這裏感覺坑多些，例如它在train.py裏寫了個超參數列表，cfg裏的某些值配置就不生效了。

我想改batch大小需要在train.py這個文件裏改。。。。默認16...

parser.add_argument('--batch-size', type=int, default=16)  # effective bs = batch_size * accumulate = 16 * 4 = 64

其他還有很多，如是否是單目標檢測還是多目標檢測的設置。

parser.add_argument('--single-cls', action='store_false', help='train as single-class dataset')

優化方法選擇sgd還是adam

parser.add_argument('--adam', action='store_true', help='use adam optimizer')

學習率，如果用adam會發現，如果看訓練效果loss降的特別慢，看上去一直很大，就把這行打開，降低學習率看看吧

#hyp['lr0'] *= 0.1  # reduce lr (i.e.

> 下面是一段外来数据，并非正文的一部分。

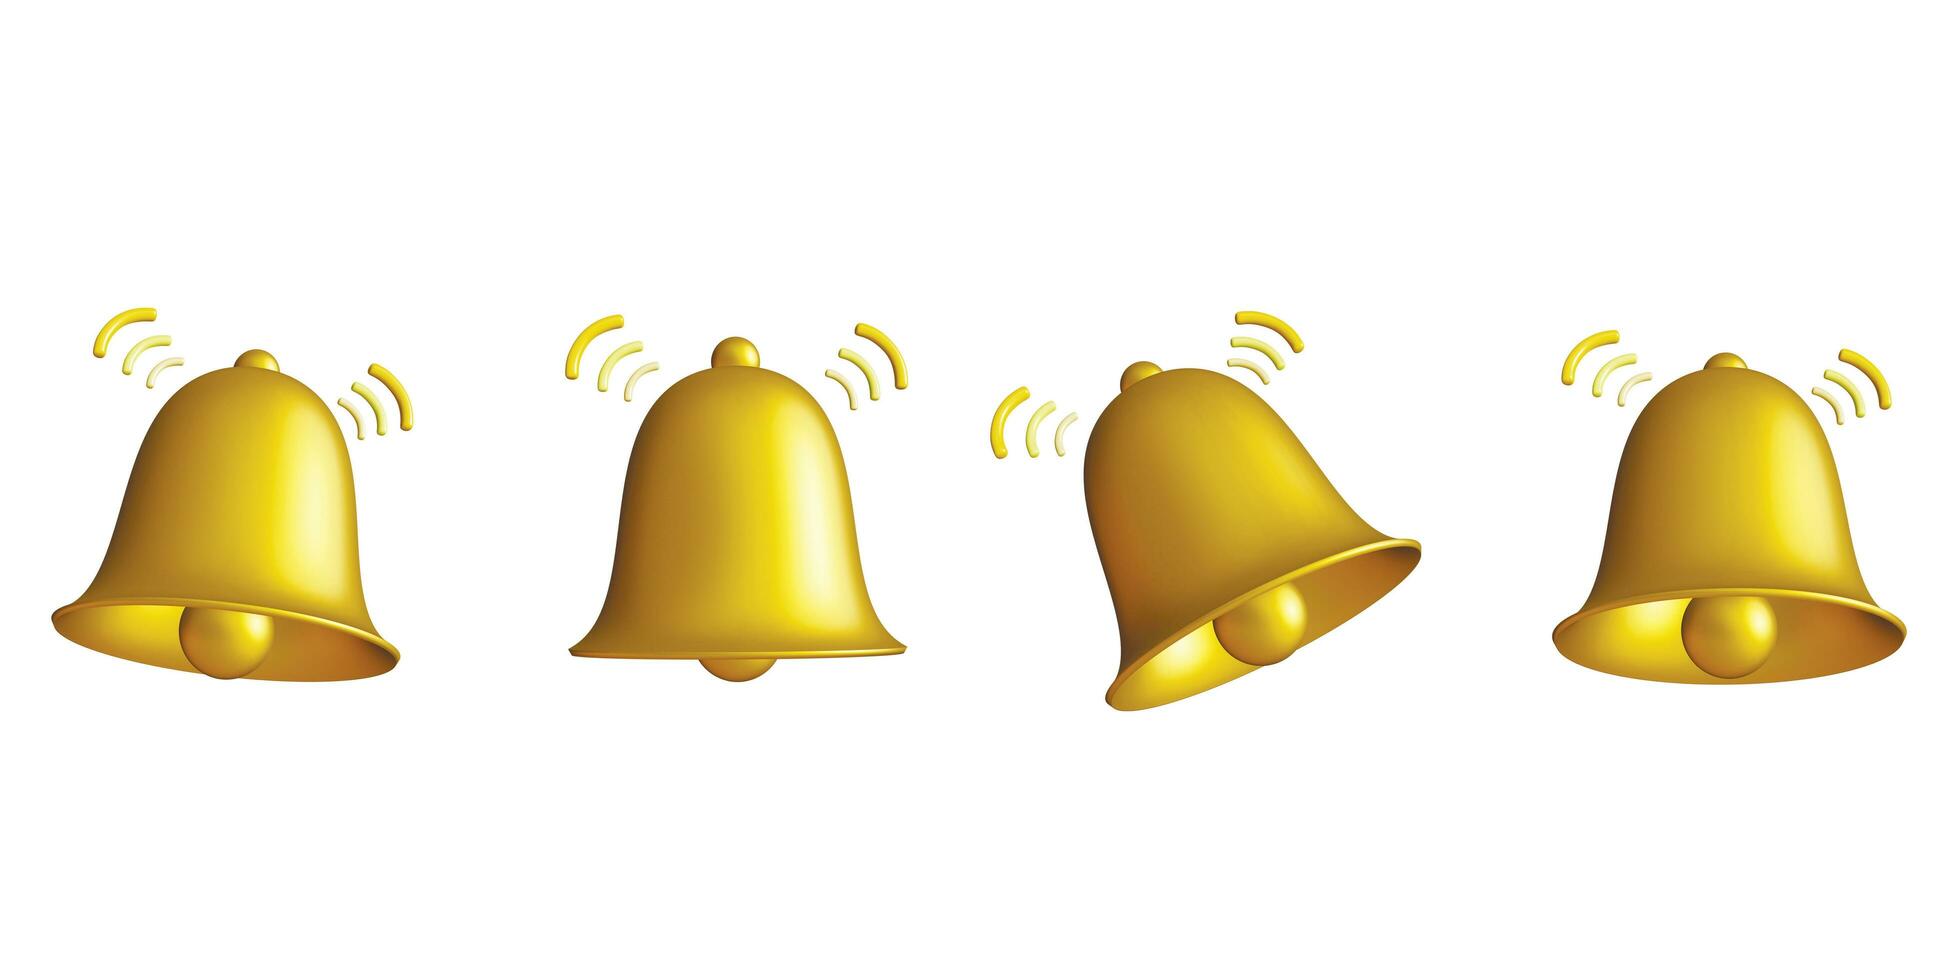 3D Bell notifications. Set of yellow bells Icon. Realistic 3d object with sound symbol. creative conceptual symbol of notifications. 3d render illustration photo

SGD=5E-3, Adam=5E-4)

關鍵問題：有些設置在上面代碼裏設置了還不生效。。。。

例如，它默認是單目標檢測我給改成多目標檢測了，訓練還是不對，後來發現參數值沒生效，最後強制設置其生效了。。。。

4.訓練：自己酌情去改輸入吧

python train.py --data data/rbc.data --cfg cfg/yolov3.cfg --epochs 2000

5.訓練中最常見錯誤：

爆顯存，修改方法就是減小batchsize的大小吧。

裏面加載了預訓練模型，自己下載一個路徑根據參數設置放好了就行，例如yolov3對應的yolov3.weights文件

parser.add_argument('--weights', type=str, default='weights/yolov3.weights', help='initial weights path')

6.預測：

python detect.py --cfg cfg/yolov3-tiny.cfg --weights weights/best.pt

預測碰到的坑：用兩臺電腦幹活，一臺訓練，一臺測試，結果報錯：

RuntimeError: Error(s) in loading state_dict for Darknet

原因：pytorch版本不同引進的錯誤

修改方法：在detect.py中將加載模型部分修改下，原理沒去深學，參考大神做法

將model.load_state_dict(torch.load(weights, map_location=device)['model'])
改爲：
model.load_state_dict(torch.load(weights, map_location=device)['model'], False)

7.用opencv調起來豈不是很爽。

1.具體看參考文獻5裏面介紹很詳細，我搬運一下，裏面有一處錯誤，直接用你會發現，嘿嘿，檢測結果又可信度還挺高，框的什麼玩意O(∩_∩)O，已修改。上面訓練的結果是best.pt，而下面vs2017工程是調用的.weights文件。轉換方法代碼裏就有，在modle.py下有個save_weights函數，可以直接用它轉換。我設定的轉換完了就是best.pt變成了converted.weights。剩下的幾個就是絕對路徑了，具體讀啥文件自己去看好了。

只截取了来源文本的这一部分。